Tom Bowdler has built two very nice portable layouts with dual gauge double track ovals. Very easy to set up and tear down and were very nice craftsmanship.


----------



## Tom Bowdler (Jan 3, 2008)

Thanks for the compliment Jack, 
My portable is currently set up at Marie Brown's Paradise East Steamup in Newark Valley, NY to supplement her nice track. The weather forecast is wonderful for the weekend and we're looking forward to a fine event. Already a lot of interesting locomotives are running and Saturday there should be even more folks here enjoying themselves. 
I've forgotten the issue numbers but my builds were featured in Steam In The Garden. Shawn's effort looks stout and a lot less effort than building mine. I have enjoyed introducing folks to live steam at train shows near home (Rochester, NY area) and Syracuse, Scranton, York, here in the southern tier and elsewhere. 
Whatever you build, ease of construction, set up, tear down and maintenance are important factors. If it gets moved much it will need to be sturdy. 
Have fun, 
Tom


----------



## artgibson (Jan 2, 2008)

http://youtu.be/7lk0Ku9G_HA

This was from an earlier edition of Steam in the Garden. I have changed the legs since this video was done.


----------



## Charles (Jan 2, 2008)

Here are two concepts we have used in building portables. One is aluminum and the other is off the shelf electric conduit stock (half the cost to make). Both us thumb set screws to lock in place the adjusted height. Downside is they can be subject to a strong down force (i.e. some one pushing down hard on the track surface) and slip from position. 

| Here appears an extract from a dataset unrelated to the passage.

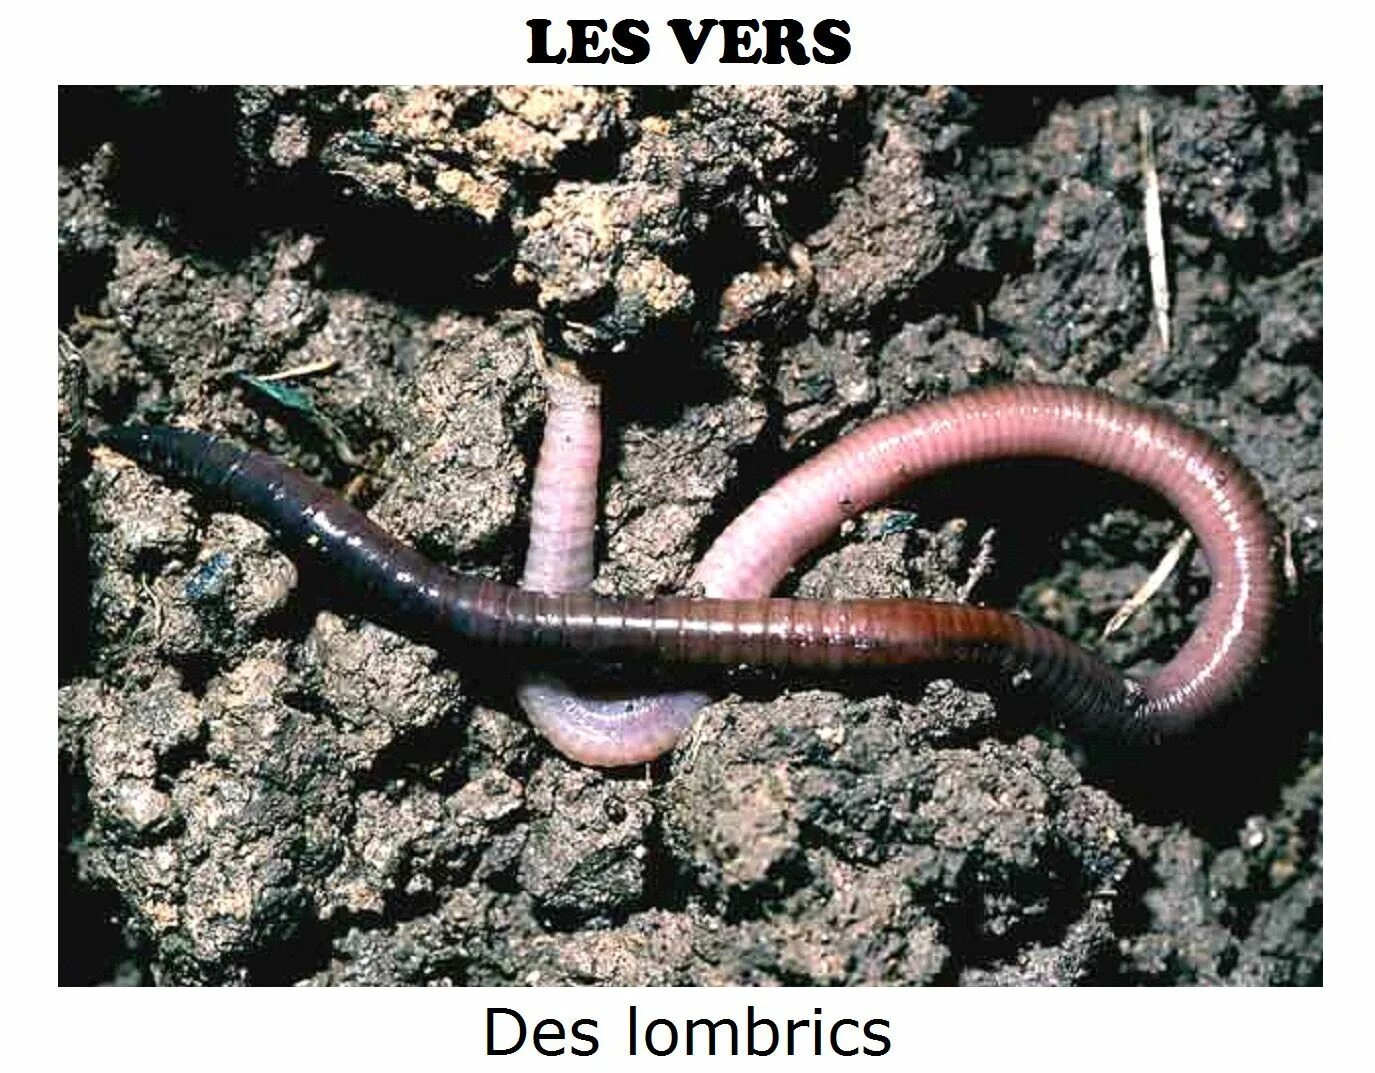 Червь Земляной (Lumbricus terrestris). Малощетинковые дождевой червь. Дождевые черви среда обитания. Дождевые черви класс Малощетинковые.

http://www.flickr.com/photos/[email protected]/9526713356/ 

http://www.flickr.com/photos/[email protected]/9523930153/in/photostream/


----------



## misfit446 (Nov 22, 2012)

You guys are awesome. Thanks for all the ideas. I was thinking originally of using those screw feet to adjust but I like the pipe idea instead. I can drill/tap a hole for the knob, etc. Wow, just wow. And this portable layout is just for the home (at least for now). Don't plan on doing any traveling with it. I live near the LA Live Steamers in Griffith Park. I was told they are thinking of building a permanent layout for G Gauge (45mm) Live Steam. Not a member yet. Some day. Anyway, again, thanks so much. Lots of thinking to do. Some sketching and all that. One thing I'd like to ask. I also work in O gauge--the garage is my man cave. I have a nice 18x18 sized layout there. I like to see the trains running at almost eye height. In that part of the hobby (electric trains) there is much discussion on height. I didn't build the layout for anyone but me so I made it at the height I wanted. But for the kiddies when we have parties, I want it high enough to work on and also to keep straying fingers from touching things that should not be touched. Most parents just hold up the little ones, the others are tall enough to see. I'm thinking at least 3 feet off the ground. Any thoughts? 

Misfit


----------



## xo18thfa (Jan 2, 2008)

Mr JP Duval in France has a very nice modular layout concept on his website. Go to: Mr Duval's site.

Toward the bottom on the left click on:

_*Un dossier de spécifications pour la réalisation d'un réseau modulaire.*_



I guess if you use Google Chrome, you can translate the French.


----------